Notwithstanding the above, Cyprus does not withhold tax on outbound dividend payments.

Interest
Interest arising in one of the two countries and paid to a resident of the other country shall be exempt from withholding tax at source.

The exemption does not apply in case where, by reason of a special relationship between the parties, the amount of interest exceeds that which would have been agreed in the absence of such a special relationship (i.e. under arm’s length terms and conditions). In such cases, the amount of interest in excess of the arm’s length interest will remain taxable according to the domestic legislation of each contracting state.

Notwithstanding the above, Cyprus does not withhold tax on outbound interest payments.

Royalties
Royalties arising in one of the two countries and paid to a resident of the other country shall be exempt from withholding tax at source, provided that the recipient of the royalties is the beneficial owner of the income.

The exemption does not apply in case where, by reason of a special relationship between the parties, the amount of the royalties exceeds that which would have been agreed in the absence of such a special relationship (i.e. under arm’s length terms and conditions).

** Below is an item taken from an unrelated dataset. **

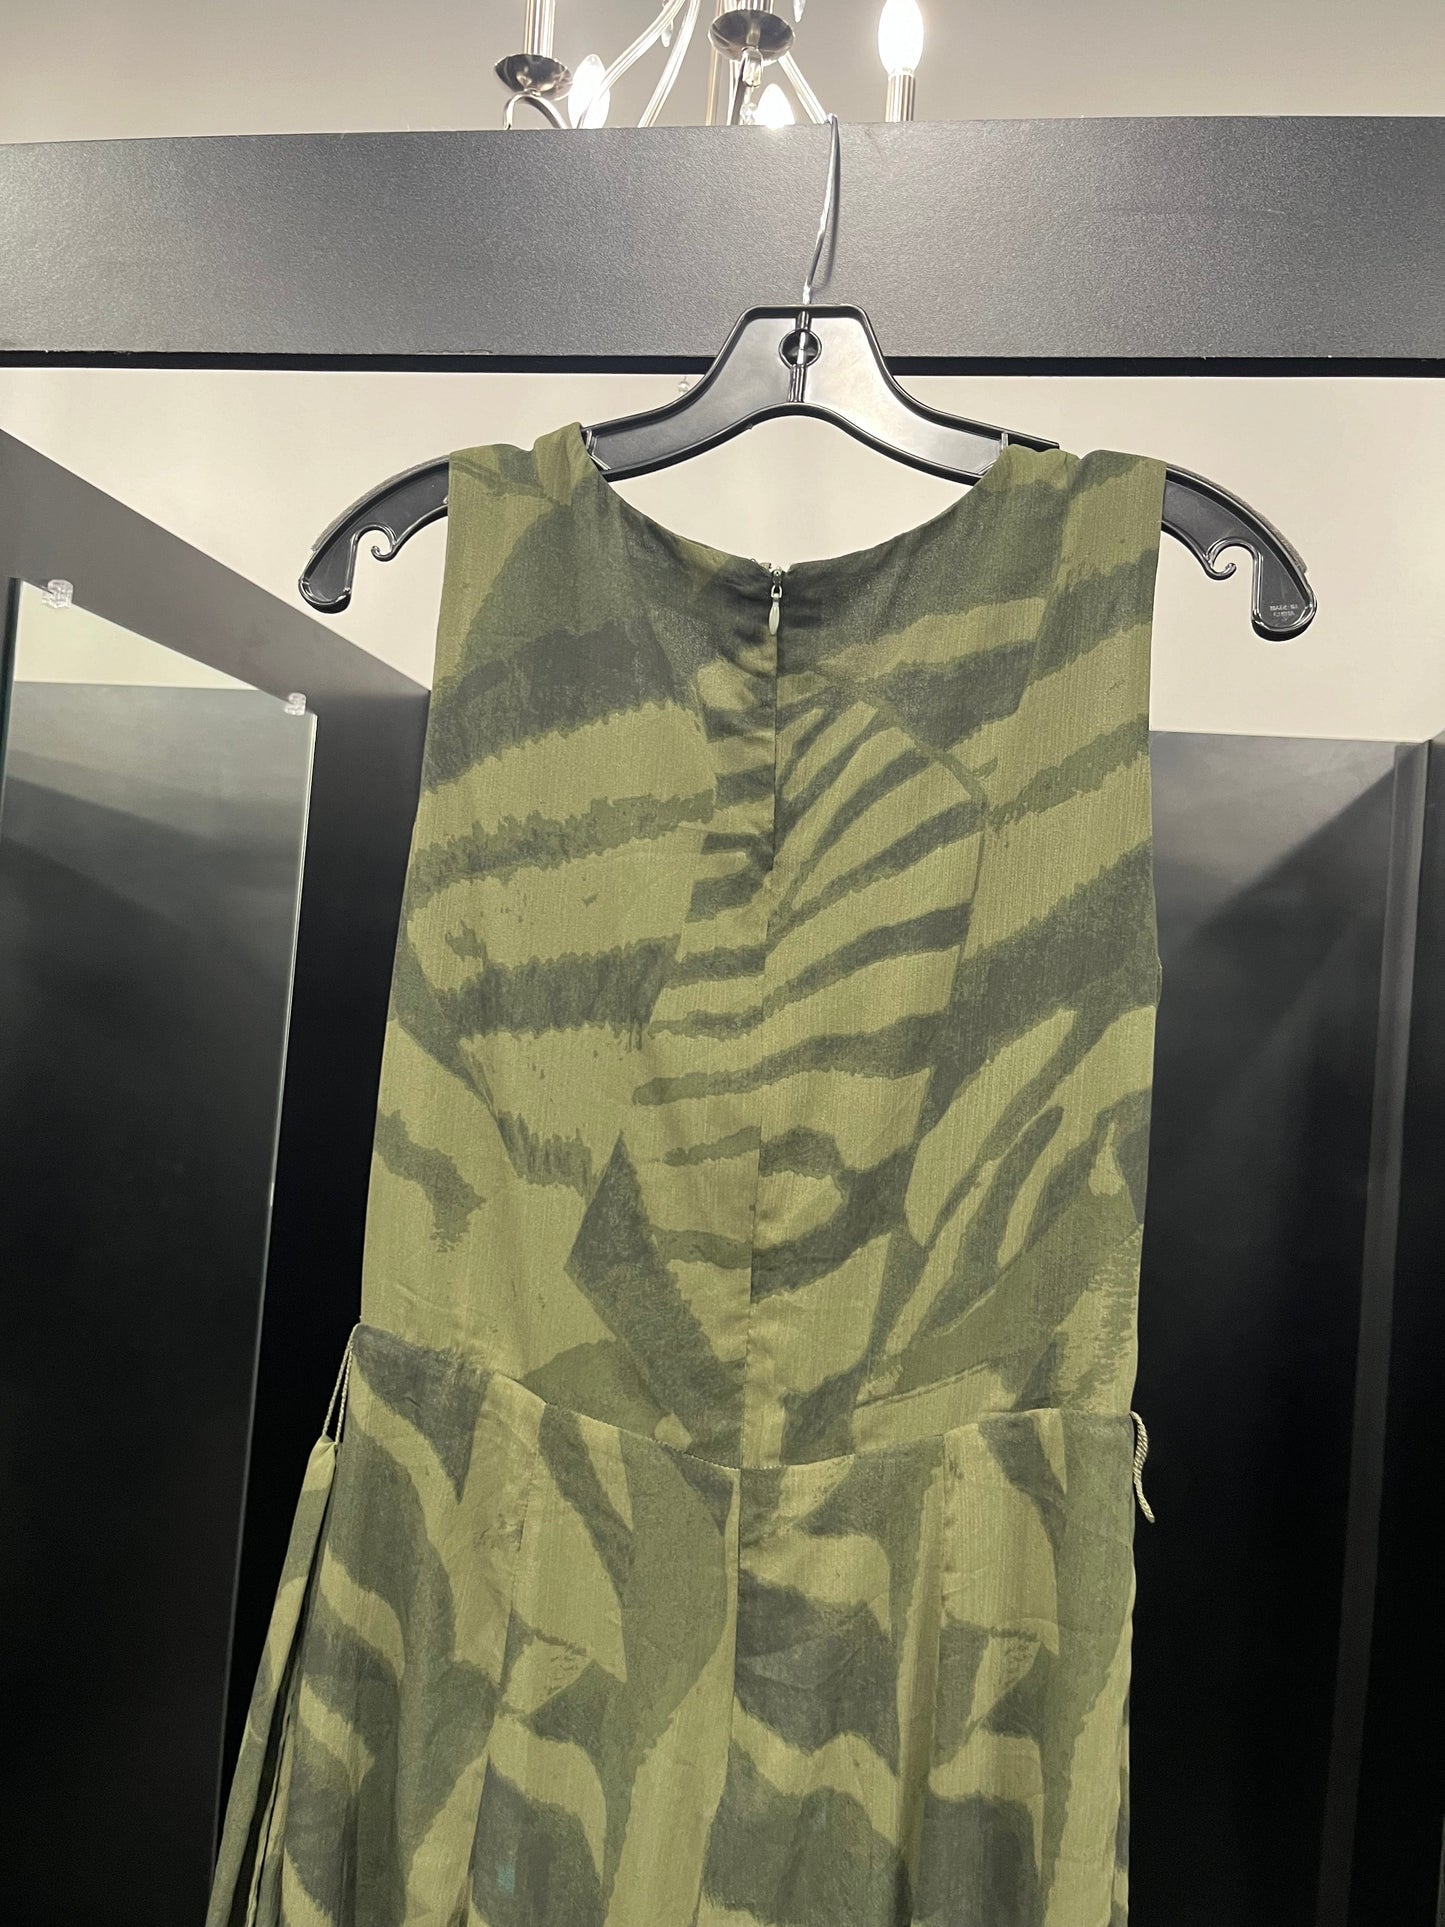 Camoflauge Dress Party Long Ralph Lauren Black Label, Size Xs

In such cases, the amount of royalties in excess of the arm’s length interest will remain taxable according to the domestic legislation of each contracting state.

Capital gains
Gains derived by a resident of one of the two countries from the sale of shares in property-rich entities, deriving more than 50% of their value directly from immovable property situated in the other country, shall be subject to tax in that other country.

Offshore activities
The Treaty contains a separate article with detailed provisions regarding the taxation of offshore activities. Specifically, a person resident in one of the two countries who carries out activities offshore in the other country in connection with the exploration or exploitation of the seabed or subsoil or their natural resources situated in that other country shall be deemed, in relation to those activities, to be carrying out business in that other country through a permanent establishment situated therein, provided that the activities are carried on for a period exceeding 30 days in aggregate during any twelve-month period.

Moreover, where profits are derived by a company from the transportation of supplies or personnel to a location, or between locations, and where activities in connection with the exploration or exploitation of the seabed or subsoil or their natural resources are being carried out, such profits shall be taxable only in the country in which the company is a resident. 

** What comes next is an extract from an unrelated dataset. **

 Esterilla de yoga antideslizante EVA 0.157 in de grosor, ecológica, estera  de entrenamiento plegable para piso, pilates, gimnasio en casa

Further, profits derived by a resident of one of the two countries from the alienation of exploration or exploitation rights, or of property situated in the other country and used for exploration/ exploitation of the seabed or subsoil or their natural resources situated in the other country, may be taxed in that other country. The same is applicable for gains from the sale of shares deriving their value or the greater part of their value, directly or indirectly, from such rights or property.

Limitation of benefits
The Treaty contains a principal purpose test, according to which treaty benefits may be denied in respect of an item of income or capital in cases where it is reasonable to conclude, having regard to all relevant facts and circumstances, that obtaining treaty benefits was one of the principal purposes of any arrangement or transaction that resulted directly or indirectly in that benefit.

Collective investment vehicles
The Protocol to the Treaty specifies that collective investment vehicles that are considered to be residents of either country are considered as the beneficial owners of the income that they receive, and are thus entitled to Treaty benefits.

The Protocol specifies that a collective investment vehicle is considered to be resident in either country if, under the domestic laws of that country, it is liable to tax by reason of its domicile, residence, place of management, or any other similar criterion.